Américas

Salta e Norte Argentino

26/05

A viagem Santo Tomé/Buenos Aires transcorreu tranquilamente até na entrada da Capital Argentina, quando então o trânsito pesou e atrasou em uma hora a chegada no Terminal do Retiro (previsão inicial de chegada às 8hs, mas cheguei no Terminal do Retiro às 9hs). Resultado: perdi o meu vôo das 10hs da manhã para Salta com saída no Aeroparque, em BA. Eu sou expert em fazer conexões apertadas, sempre “na emoção”. Às vezes me dou bem, e às vezes mal. Levei na boa, afinal, a viagem estava apenas começando e havia um outro vôo saindo ao meio-dia. Uma pena que aí se foram alguns pesos argentinos (700 pesos, mais ou menos 180 reais), pagos pela taxa de remarcação da passagem, mas ok.

Fiquei fazendo hora no aeroporto até a saída do vôo, conectada à wifi de uma cafeteria. Ainda bem que o tempo passou rápido. O vôo até Salta durou cerca de 1h30min, tendo rolado até uma cochilada, porque a noite anterior foi difícil.

No pequeno Aeroporto Internacional Martín Miguel de Guemes, de Salta, consegui lugar numa van que faz o transfer até a cidade, à cerca de 10 km, por preço bem menor do que o cobrado pelos táxis. Melhor que a van me deixou em frente ao Coloria Hostel, onde eu havia reservado estadia para dois pernoites.

O Coloria é um hostel muito legal. Estilo tranquilão, sem agitos, uma bonita área comum, com uma lareira e uma parede toda envidraçada, com vista para um jardim com piscina (sem uso no frio do inverno). Cama boa, banheiros limpos, água quente no chuveiro.

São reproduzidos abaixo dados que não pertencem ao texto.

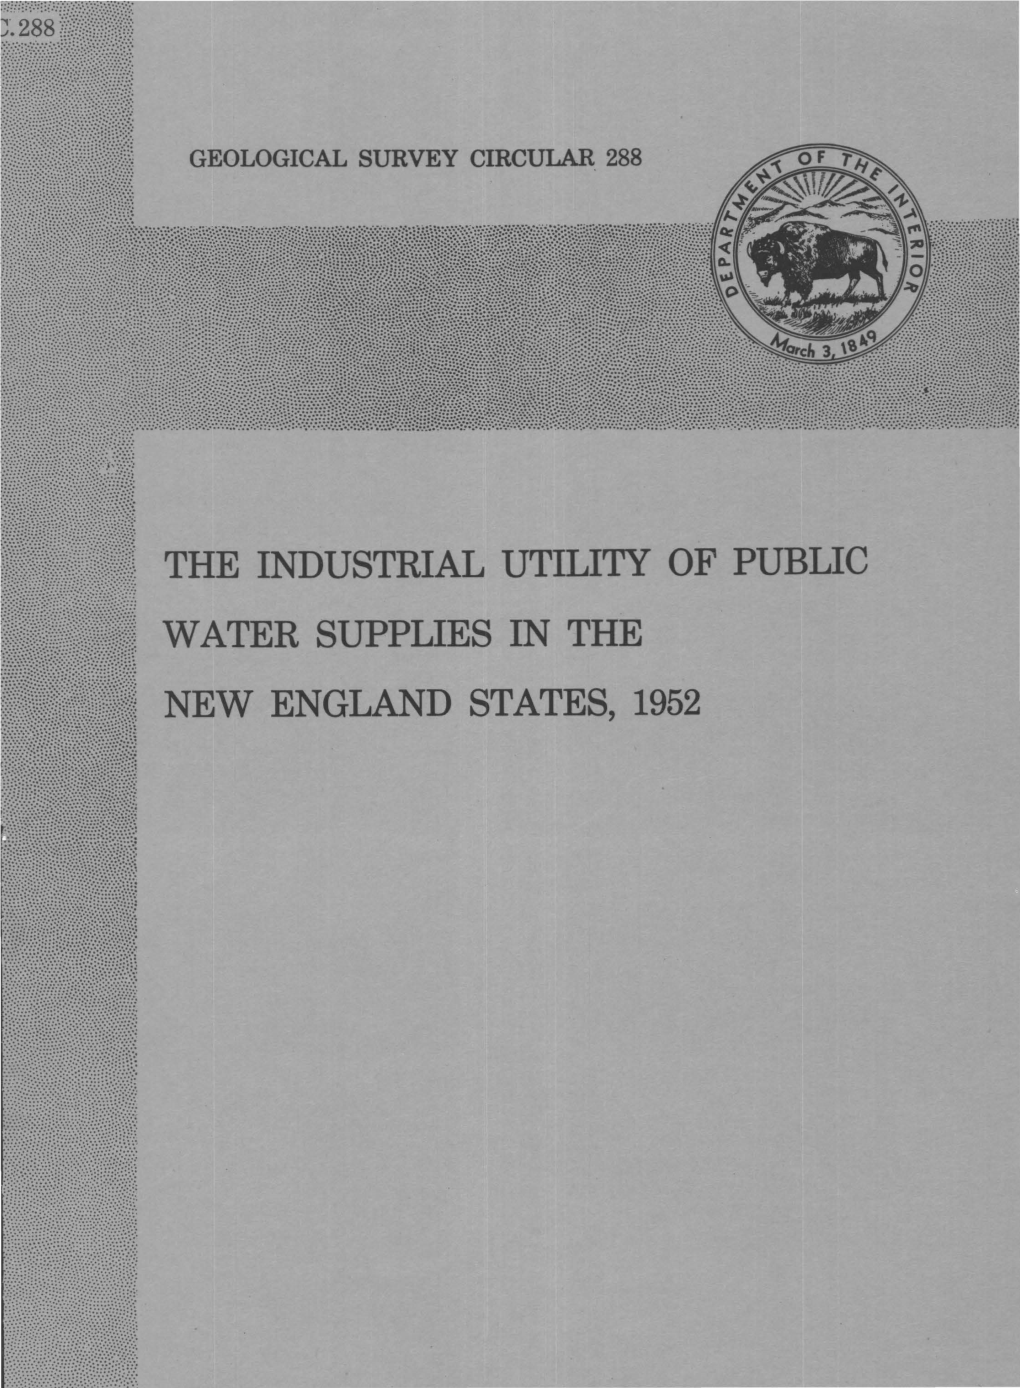 The Industrial Utility of Public Water Supplies in the New England States, 1952

Me instalei num quarto que dividi com outras três meninas e, com um mapa da cidade nas mãos, saí rapidinho para aproveitar o restinho da tarde no centro histórico da cidade. Dei umas voltas em torno da Plaza 9 de Julio e entrei no Museu de Arqueologia de Alta Montaña (MAAM), para conferir o acervo, dedicado às culturas que habitaram as montanhas antes da chegada dos espanhóis, com destaque para as múmias de crianças.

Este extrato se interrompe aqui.